---------- DATA PROVIDED ----------

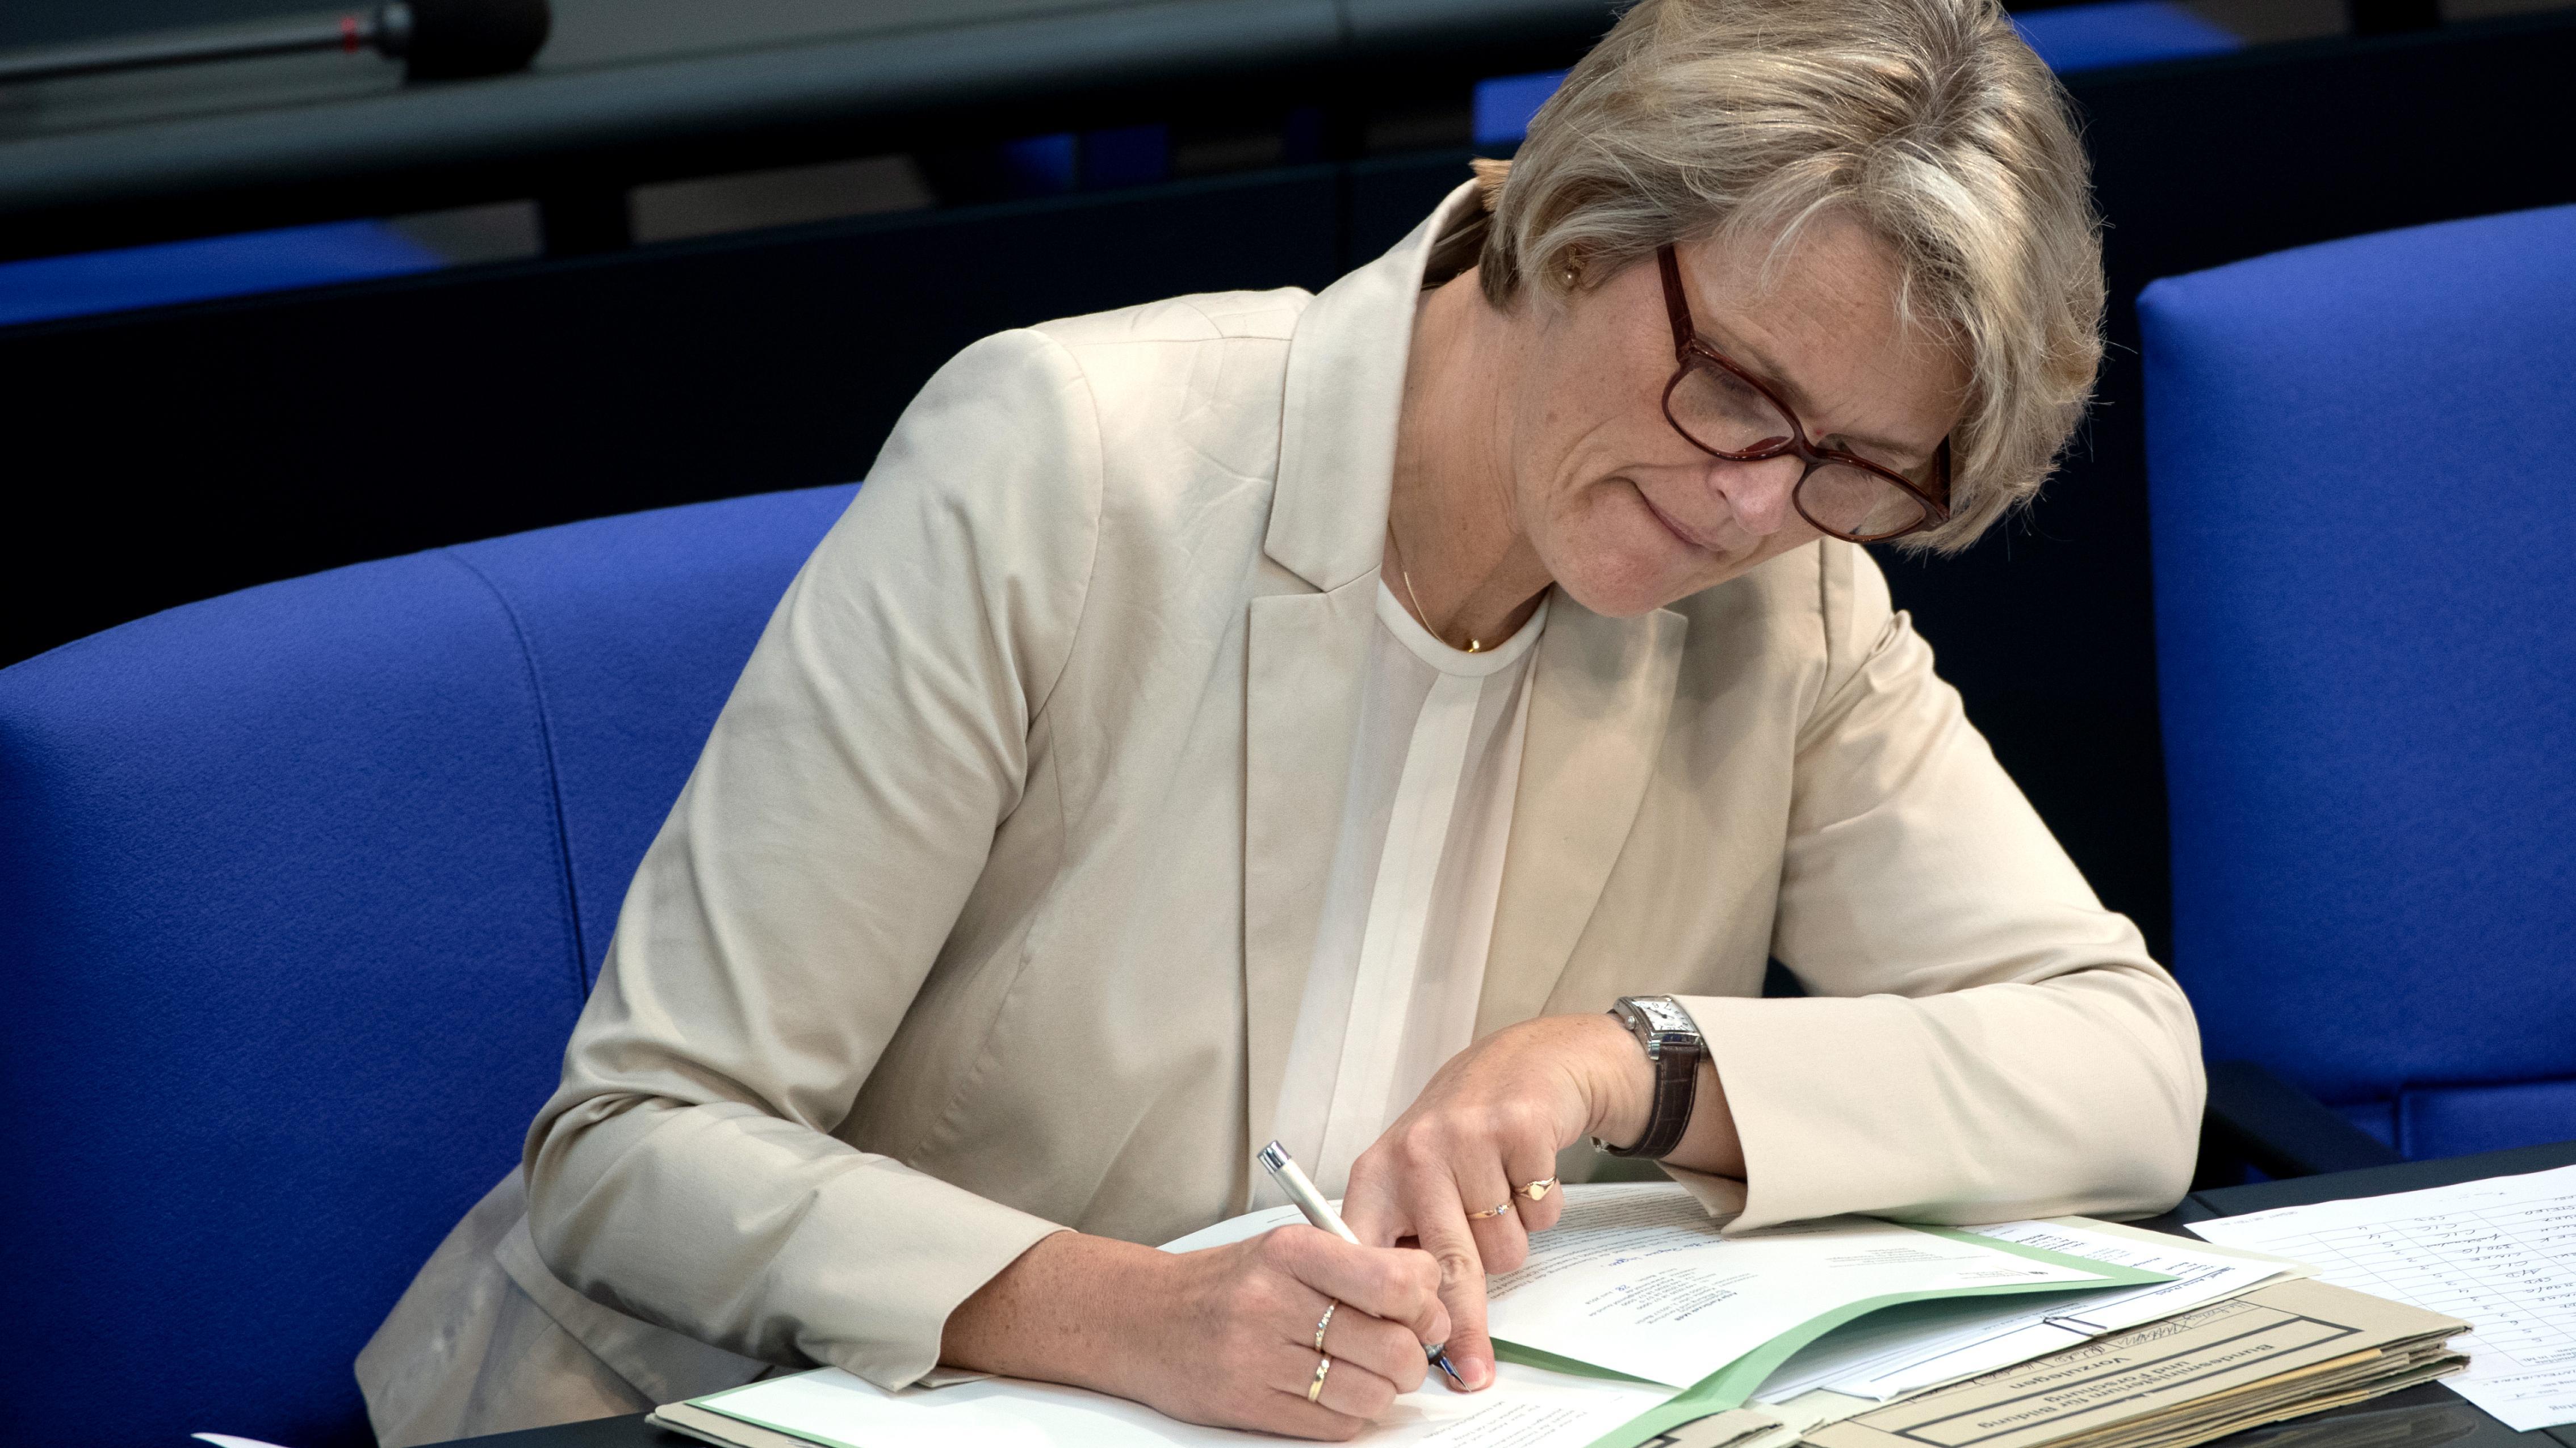 Die Bundesministerin für Bildung und Forschung, Anja Karliczek (CDU), macht sich Notizen.
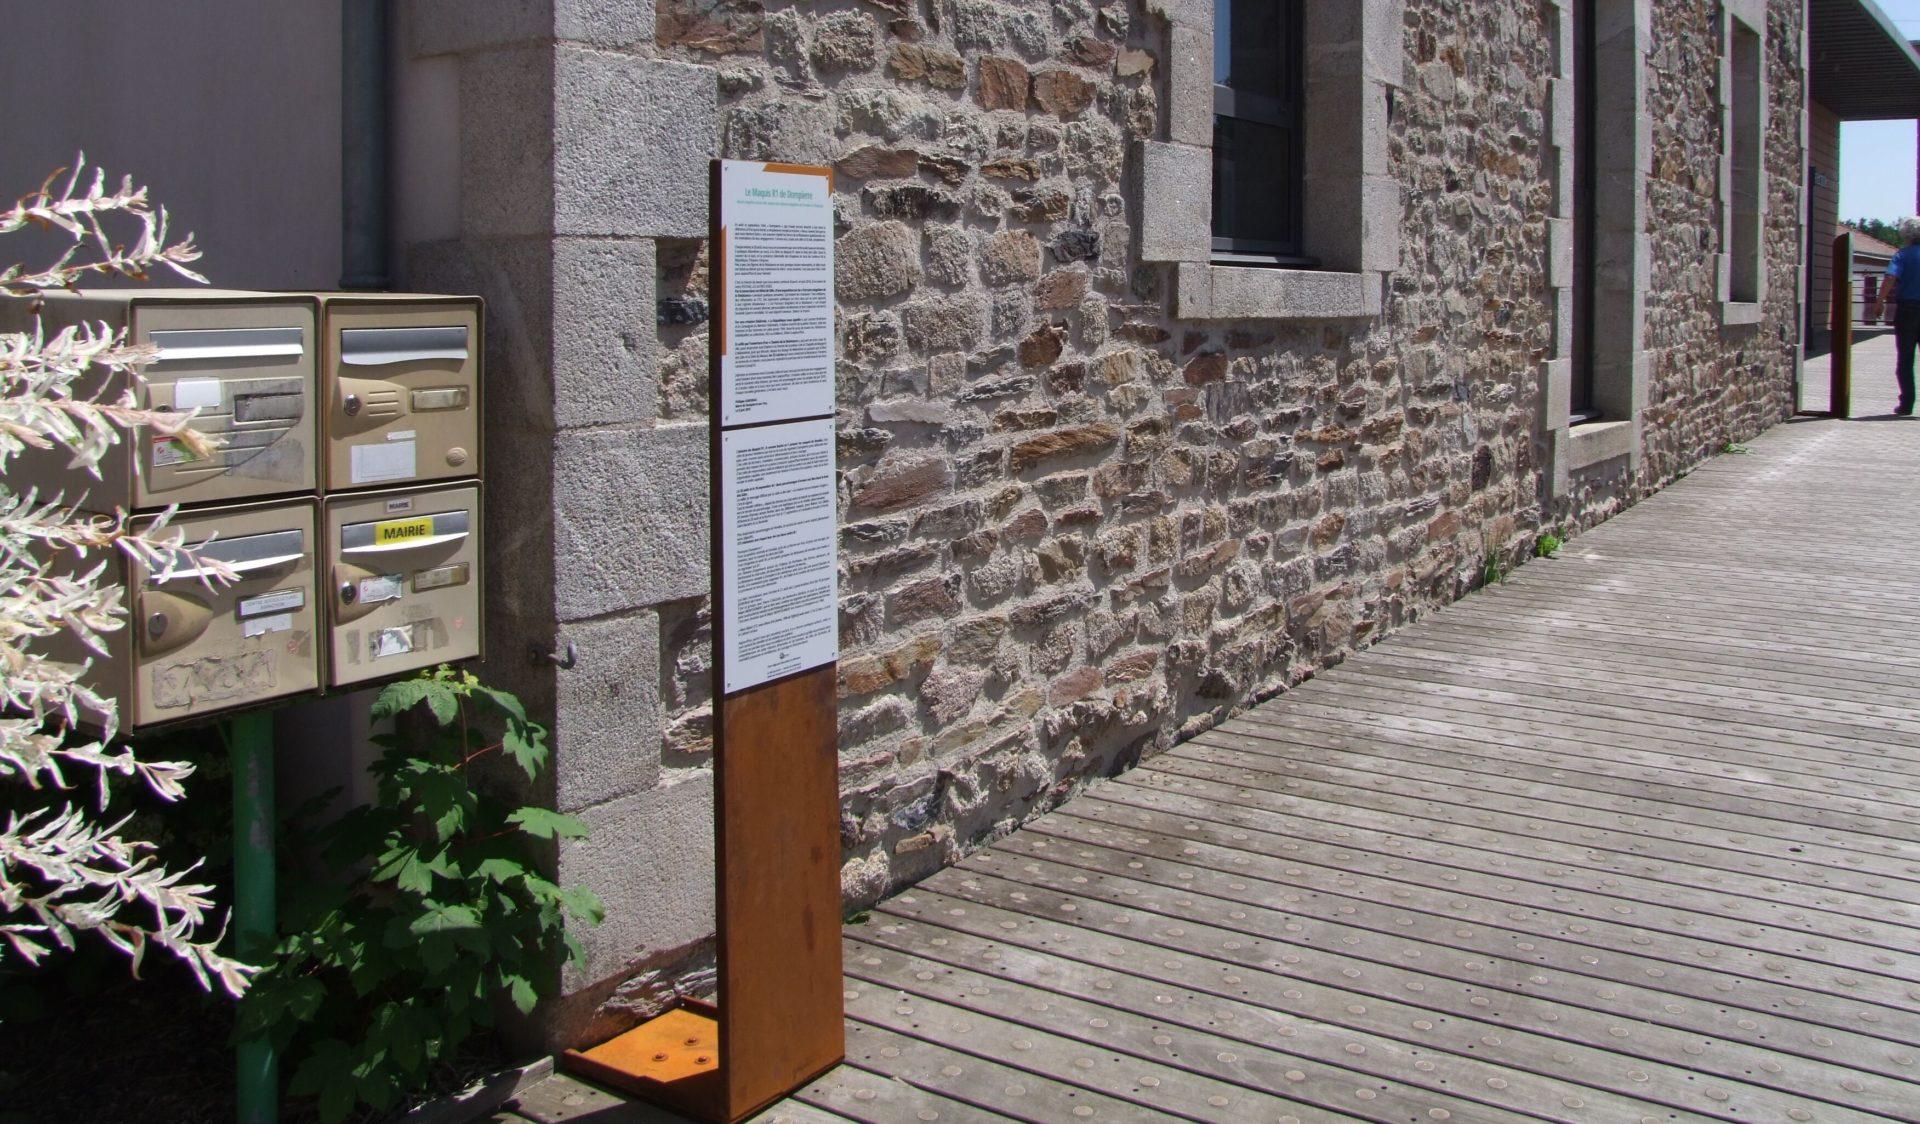 Les lutrins constitués de textes disposés dans l'espace public sont des invitations à la lecture extérieure, à la curiosité et au dépaysement…
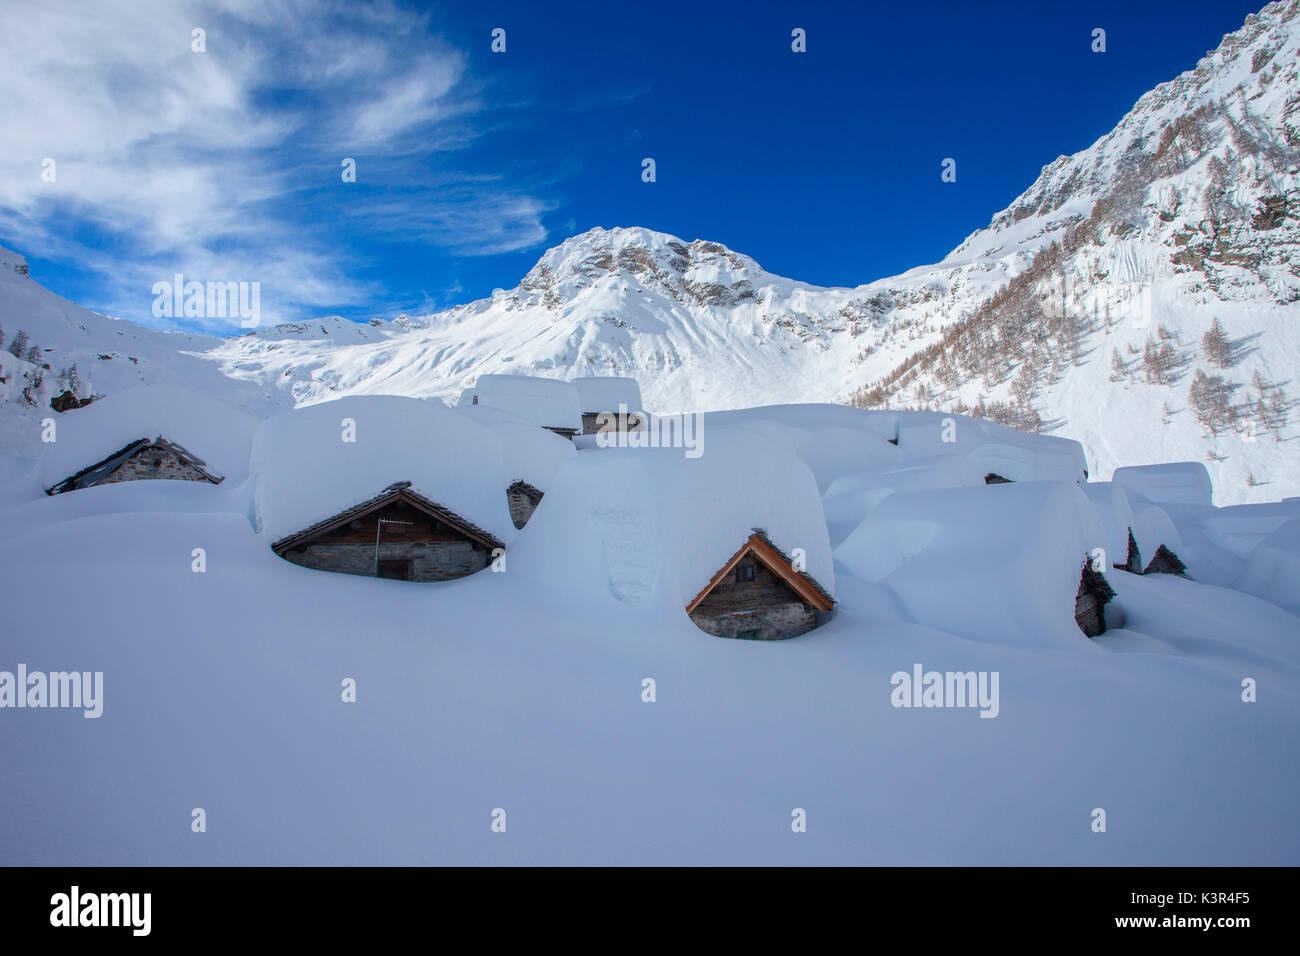 Drogone valley, Lendine alp in background Pizzaccio montagna Val Chiavenna, Lombardia, Italia Foto Stock
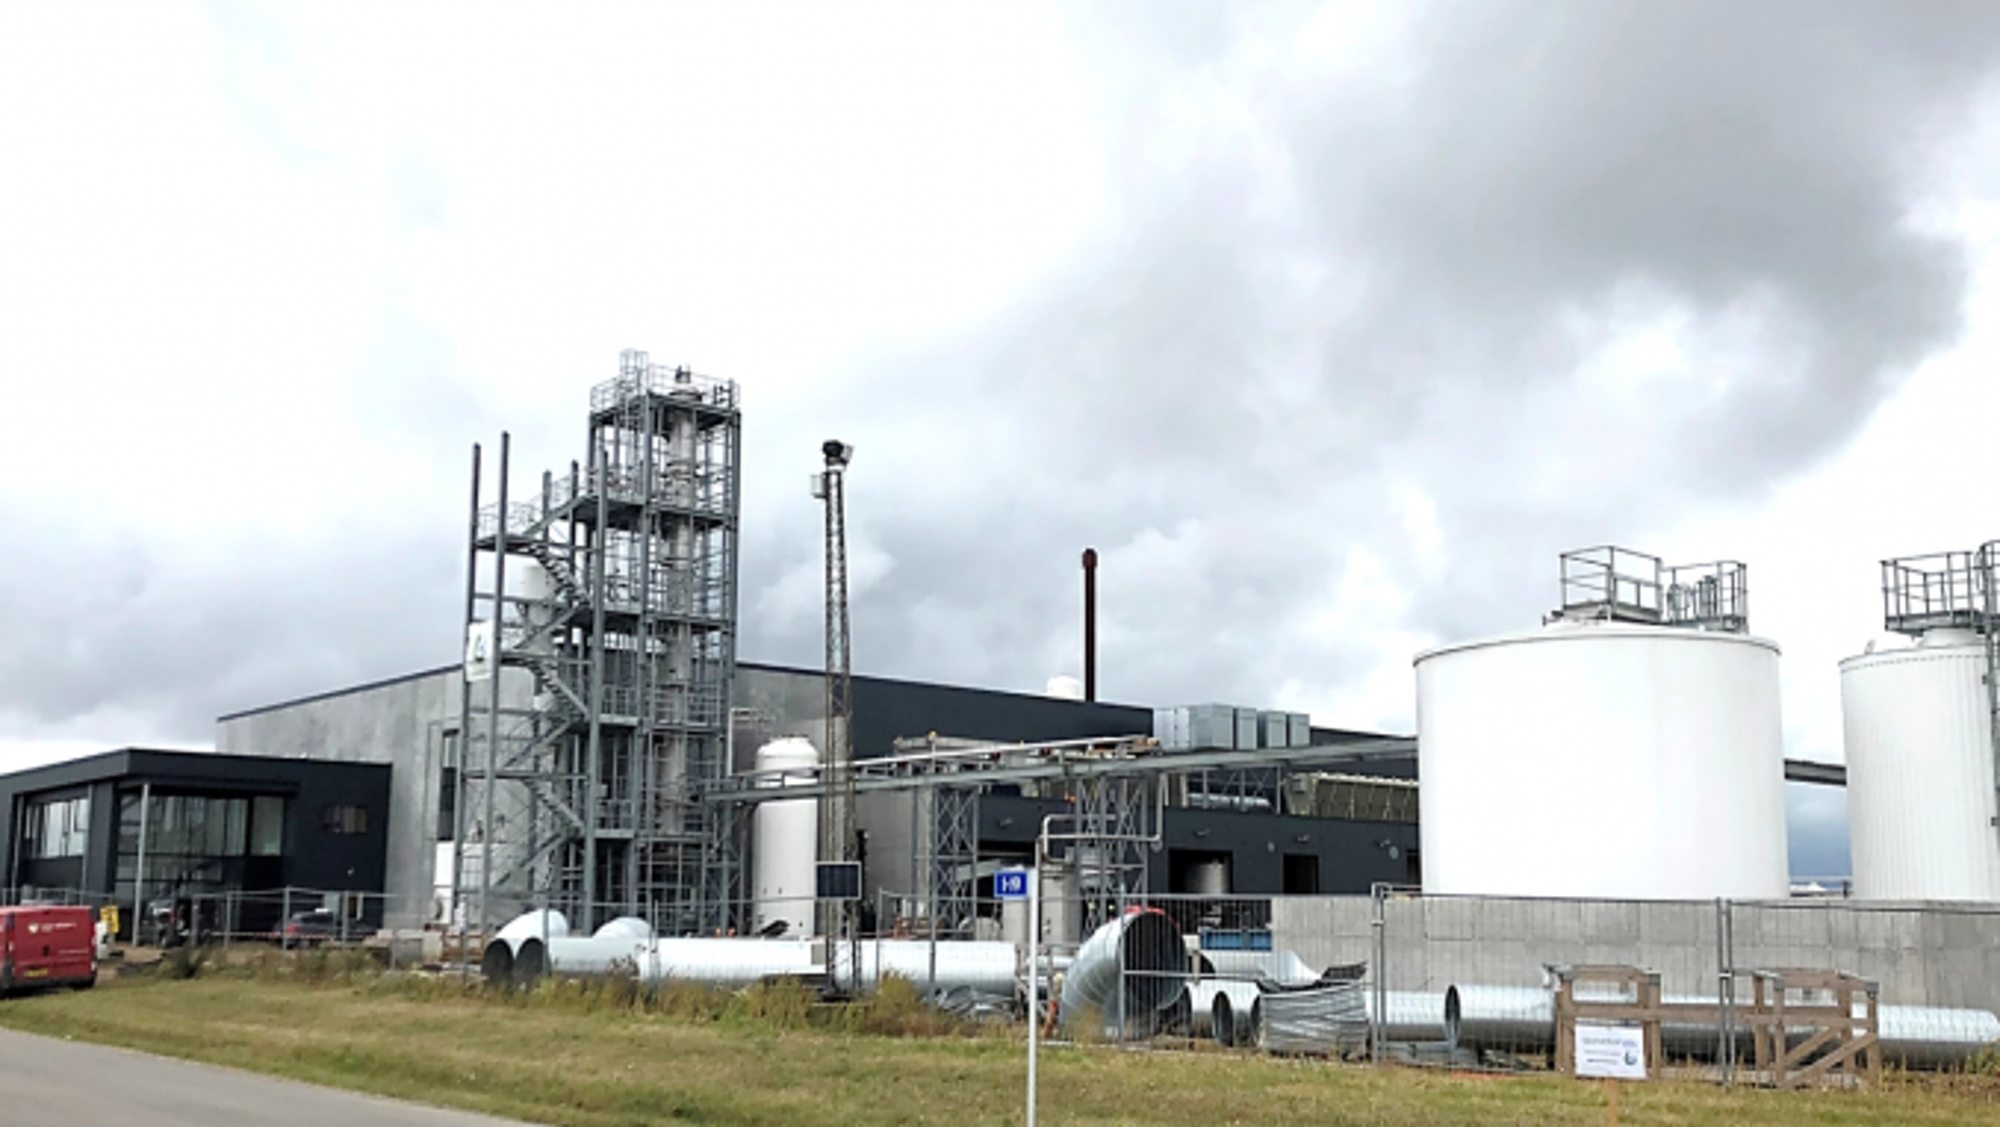 Quantafuel-fabrikken i Skive i Danmark har hatt problemer med å få diesel utvunnet fra plastavfall som gjenvinning. Nå blir plastavfallet ny plast i stedet.

----------

*EXERCISE DETAILS:* Repeat only the lines from the one with "Les lutrins constitués" through the end of the data, both included and exactly as written. Pictures stay out of the copy.

*YOUR RESPONSE:*
 Les lutrins constitués de textes disposés dans l'espace public sont des invitations à la lecture extérieure, à la curiosité et au dépaysement…
 Drogone valley, Lendine alp in background Pizzaccio montagna Val Chiavenna, Lombardia, Italia Foto Stock
 Quantafuel-fabrikken i Skive i Danmark har hatt problemer med å få diesel utvunnet fra plastavfall som gjenvinning. Nå blir plastavfallet ny plast i stedet.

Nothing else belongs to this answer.